BEGIN DATA LISTING

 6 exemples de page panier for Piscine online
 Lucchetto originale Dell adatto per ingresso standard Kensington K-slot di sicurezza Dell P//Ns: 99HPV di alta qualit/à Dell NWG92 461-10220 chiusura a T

END DATA LISTING
BEGIN DATA LISTING

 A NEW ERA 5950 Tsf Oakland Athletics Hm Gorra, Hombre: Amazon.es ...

END DATA LISTING
BEGIN DATA LISTING

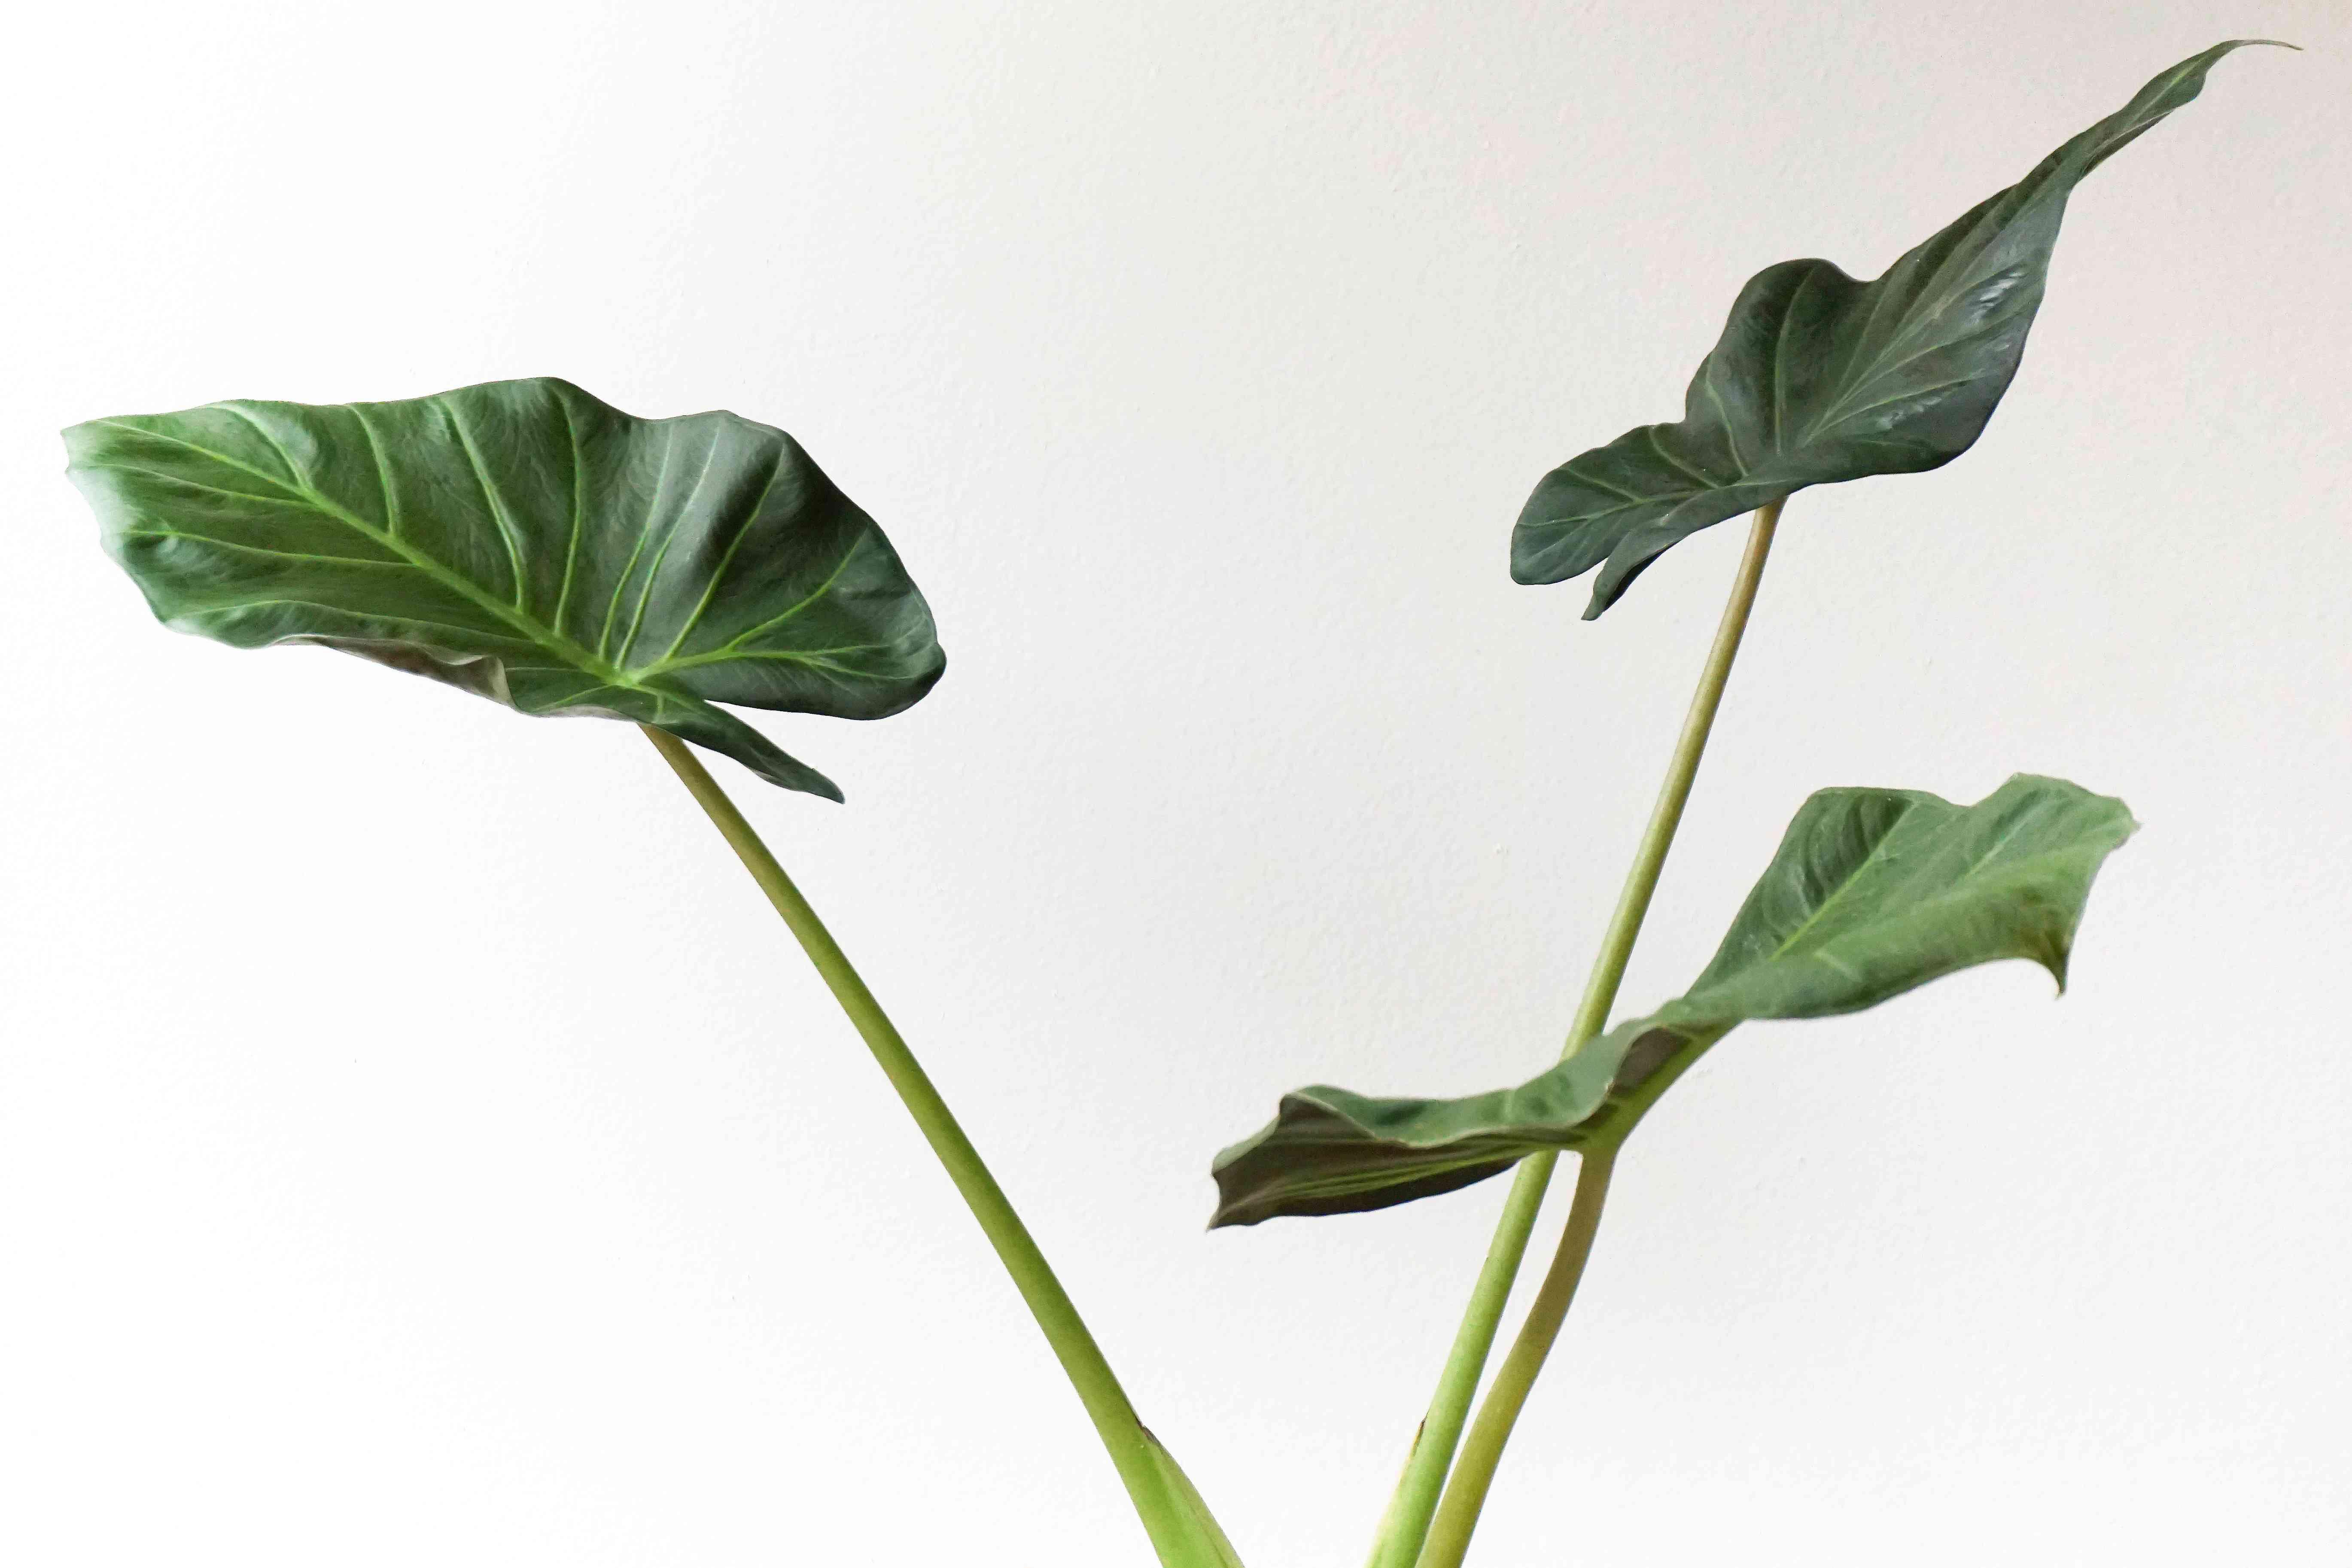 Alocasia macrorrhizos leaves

END DATA LISTING

From the entries above, write out only the lines starting at the line that holds "6 exemples de page panier for Piscine online" and ending at the line that holds "Lucchetto originale Dell", keeping both and matching them exactly.

# COMPLETED TASK
 6 exemples de page panier for Piscine online
 Lucchetto originale Dell adatto per ingresso standard Kensington K-slot di sicurezza Dell P//Ns: 99HPV di alta qualit/à Dell NWG92 461-10220 chiusura a T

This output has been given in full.